▶ RECORDED INFORMATION:
=======

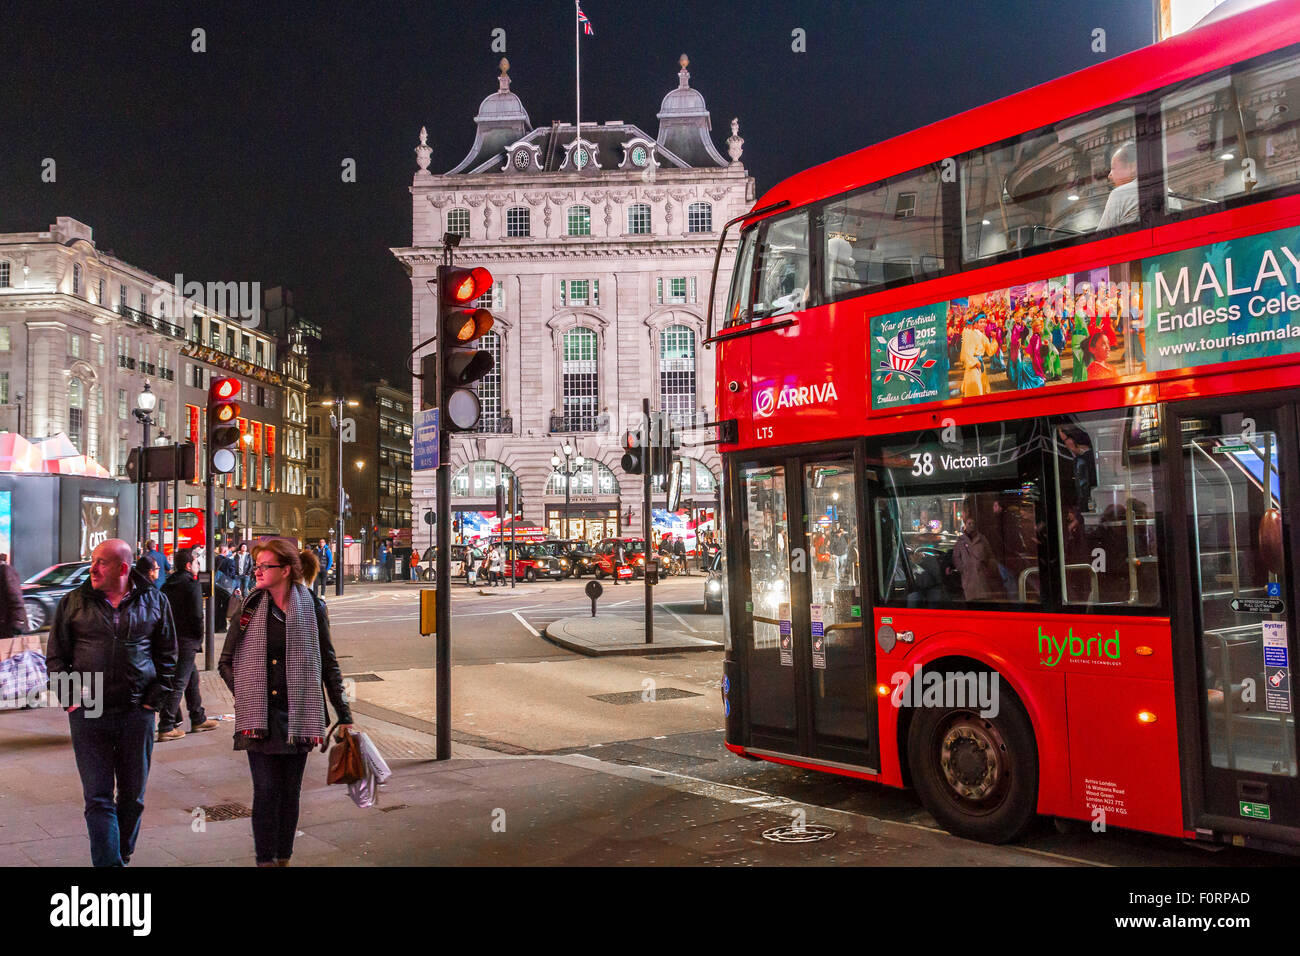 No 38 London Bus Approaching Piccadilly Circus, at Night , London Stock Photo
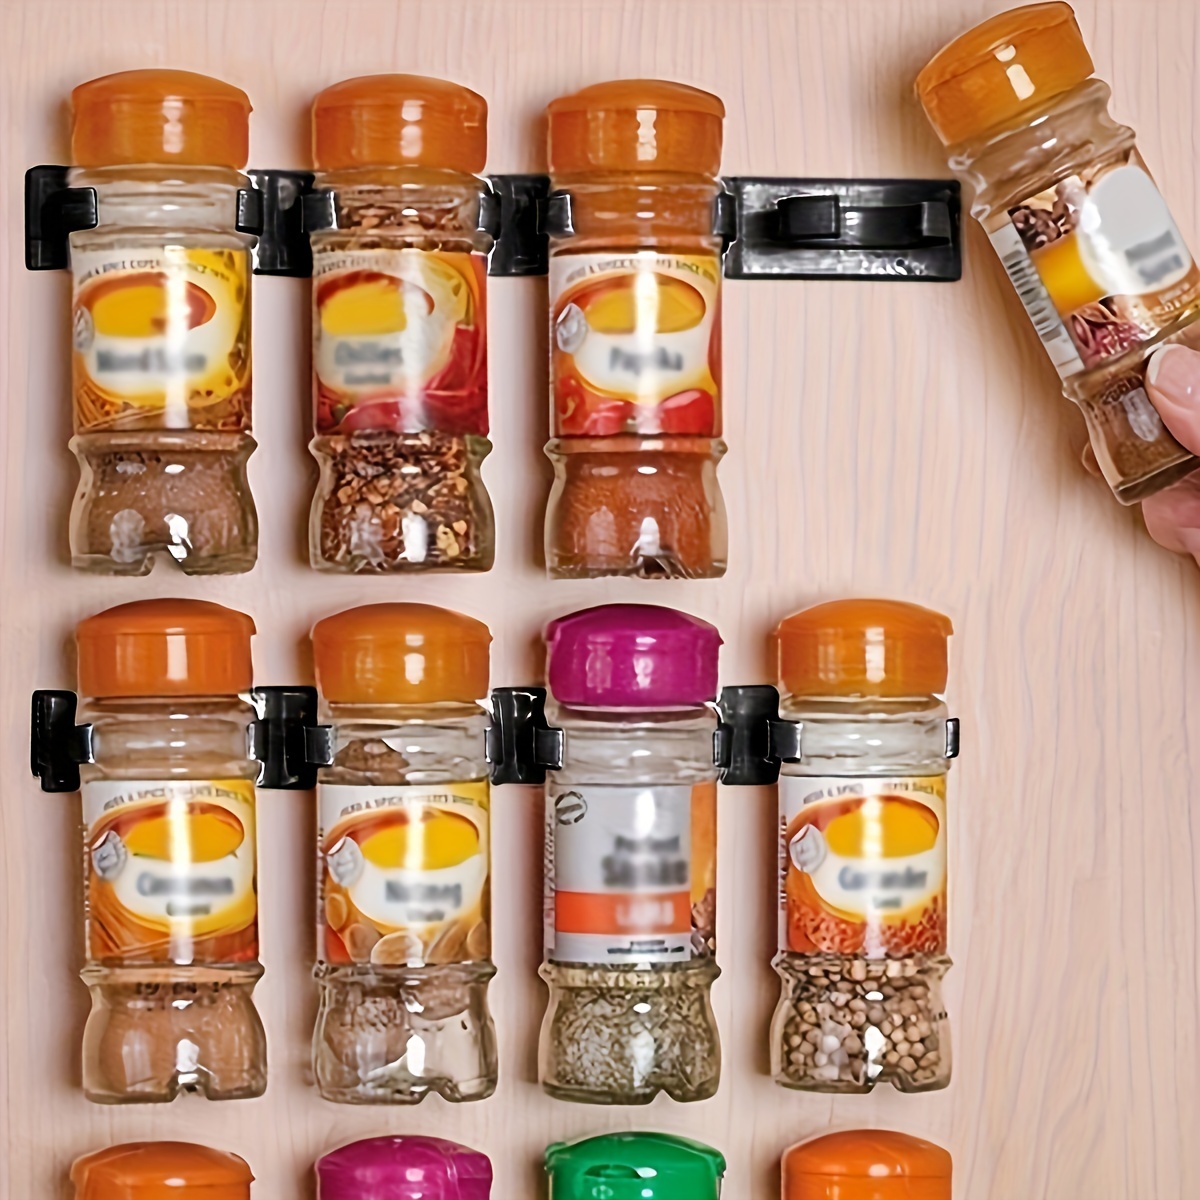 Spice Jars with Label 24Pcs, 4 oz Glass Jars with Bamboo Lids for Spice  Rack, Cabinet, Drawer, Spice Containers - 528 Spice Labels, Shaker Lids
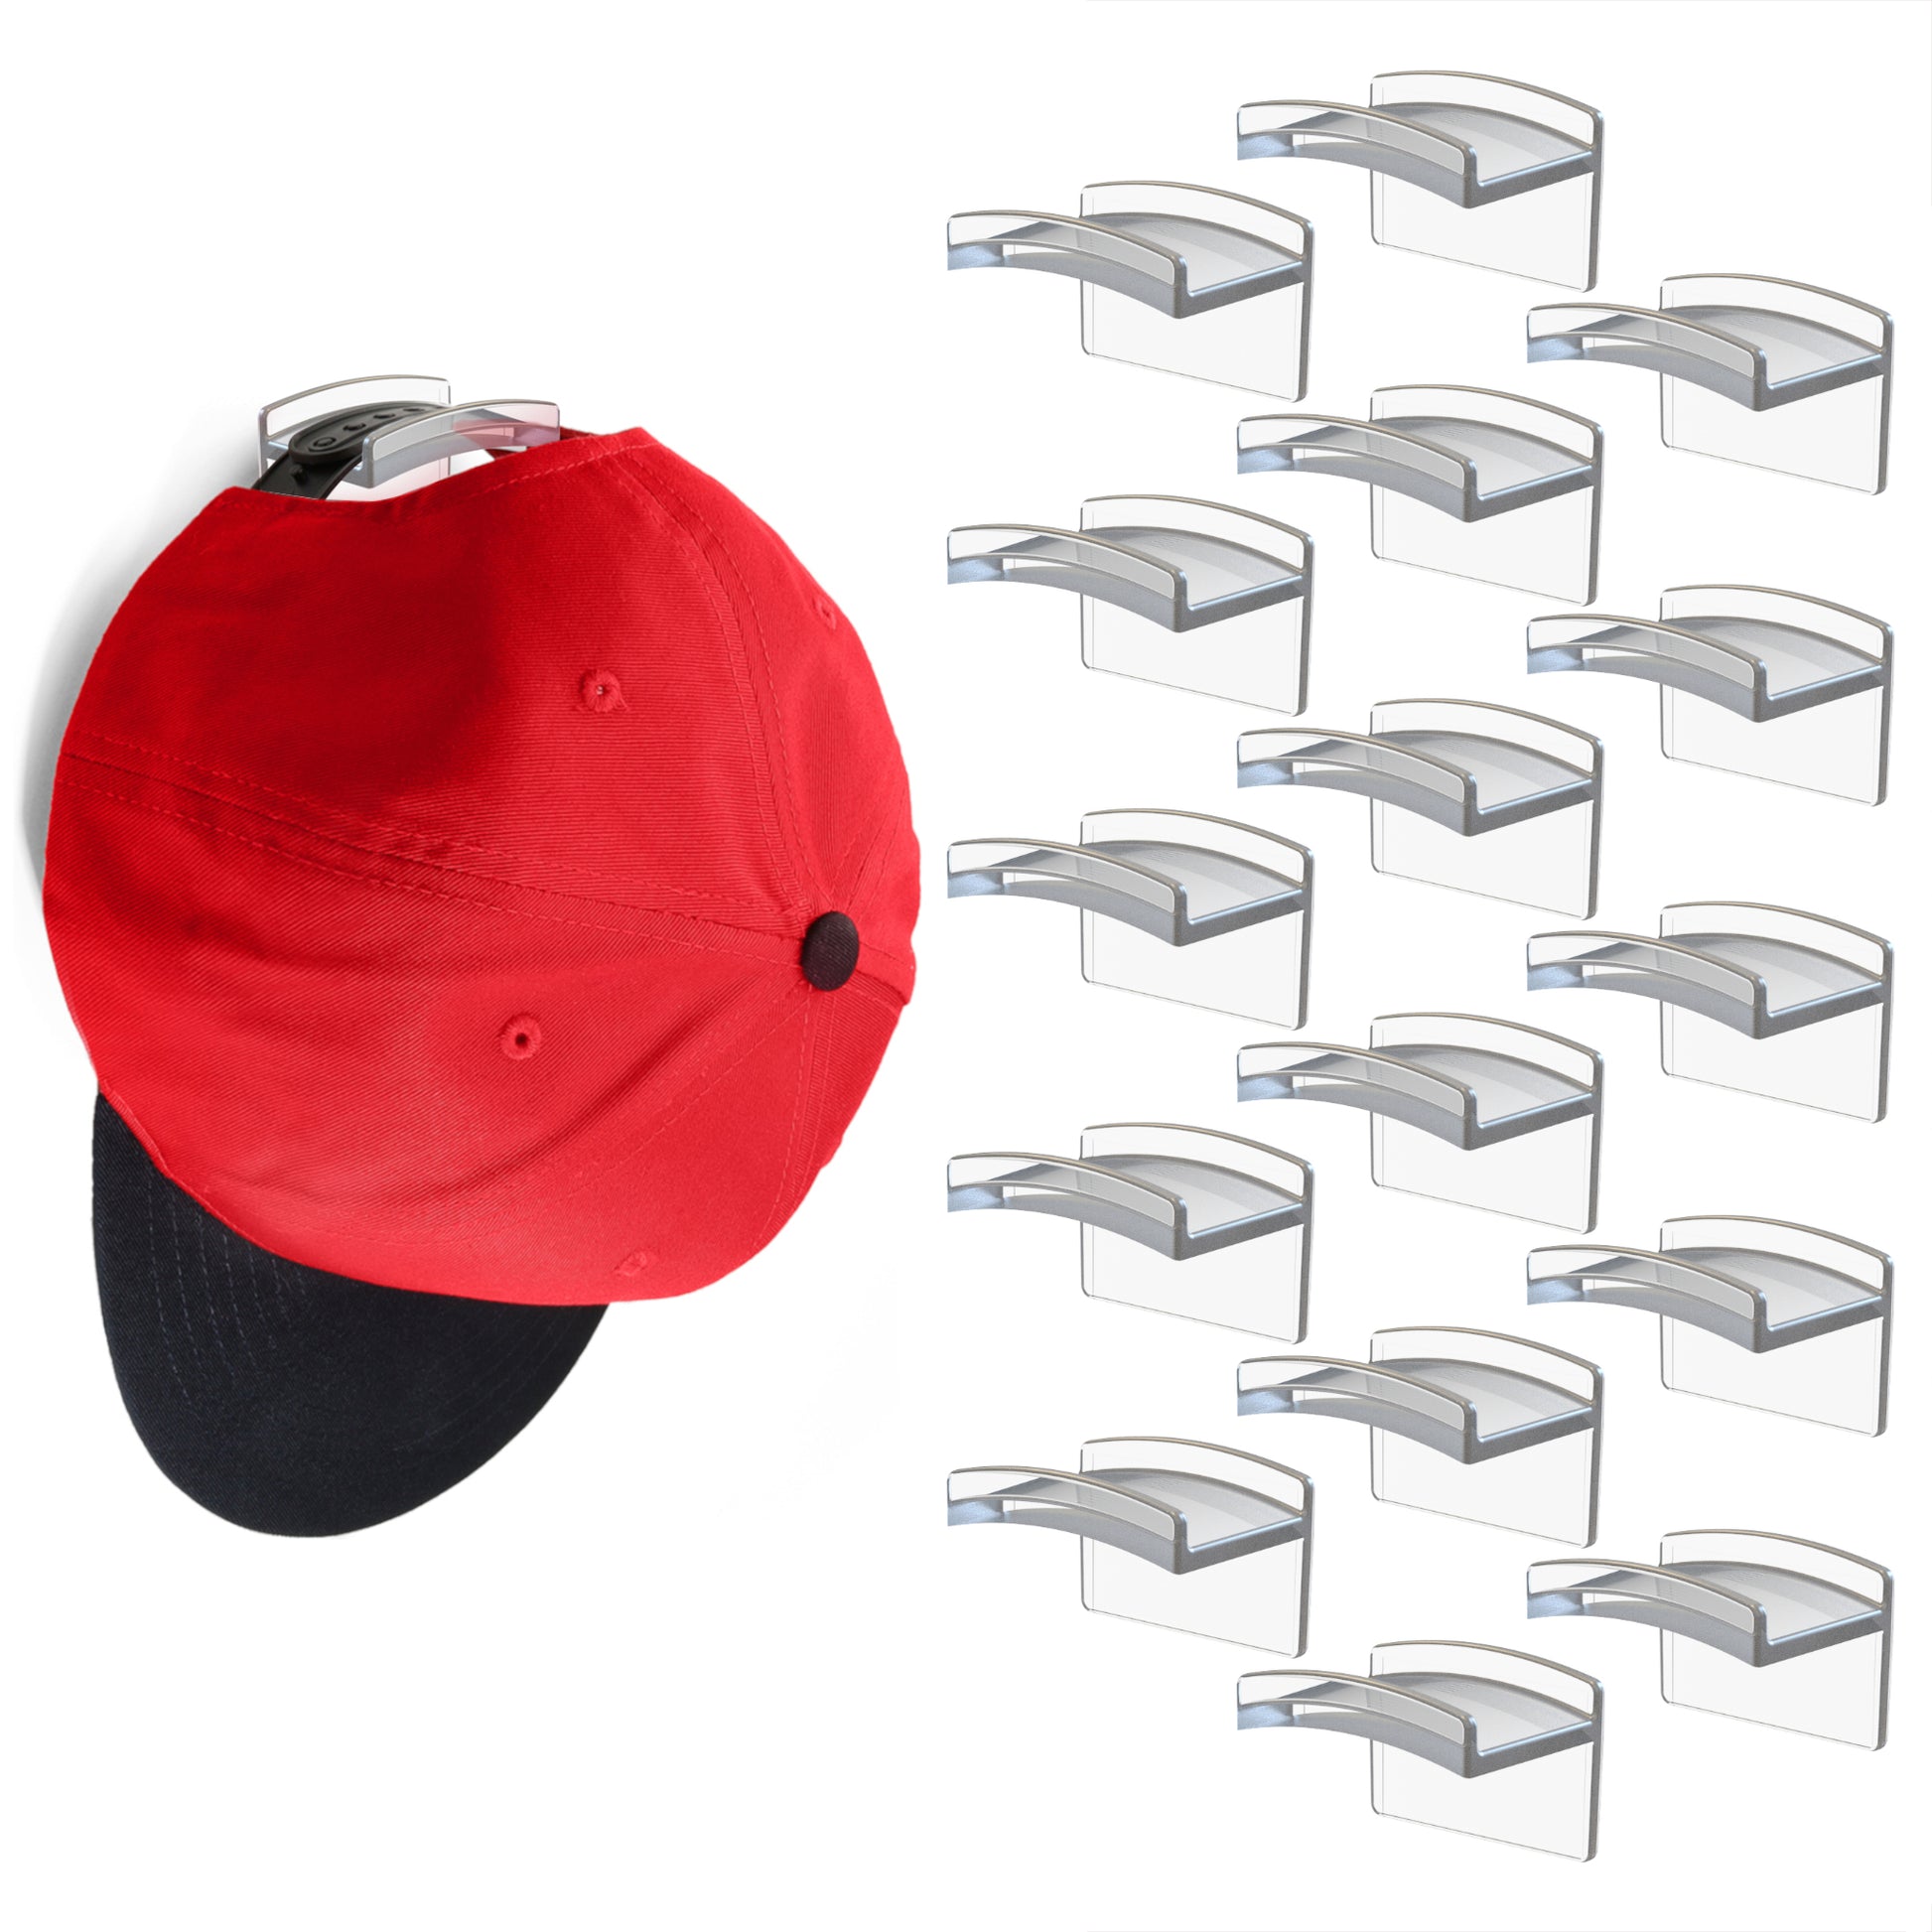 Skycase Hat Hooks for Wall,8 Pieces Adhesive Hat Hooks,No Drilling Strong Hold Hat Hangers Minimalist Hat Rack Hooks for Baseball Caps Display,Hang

=======

▶ WHAT IS REQUIRED: In the copy, only the lines from the one holding "Spice Jars with" through the end of the listing above should appear, retyped exactly, both ends included, with no pictures.

▶ EXERCISE ANSWER:
 Spice Jars with Label 24Pcs, 4 oz Glass Jars with Bamboo Lids for Spice  Rack, Cabinet, Drawer, Spice Containers - 528 Spice Labels, Shaker Lids
 Skycase Hat Hooks for Wall,8 Pieces Adhesive Hat Hooks,No Drilling Strong Hold Hat Hangers Minimalist Hat Rack Hooks for Baseball Caps Display,Hang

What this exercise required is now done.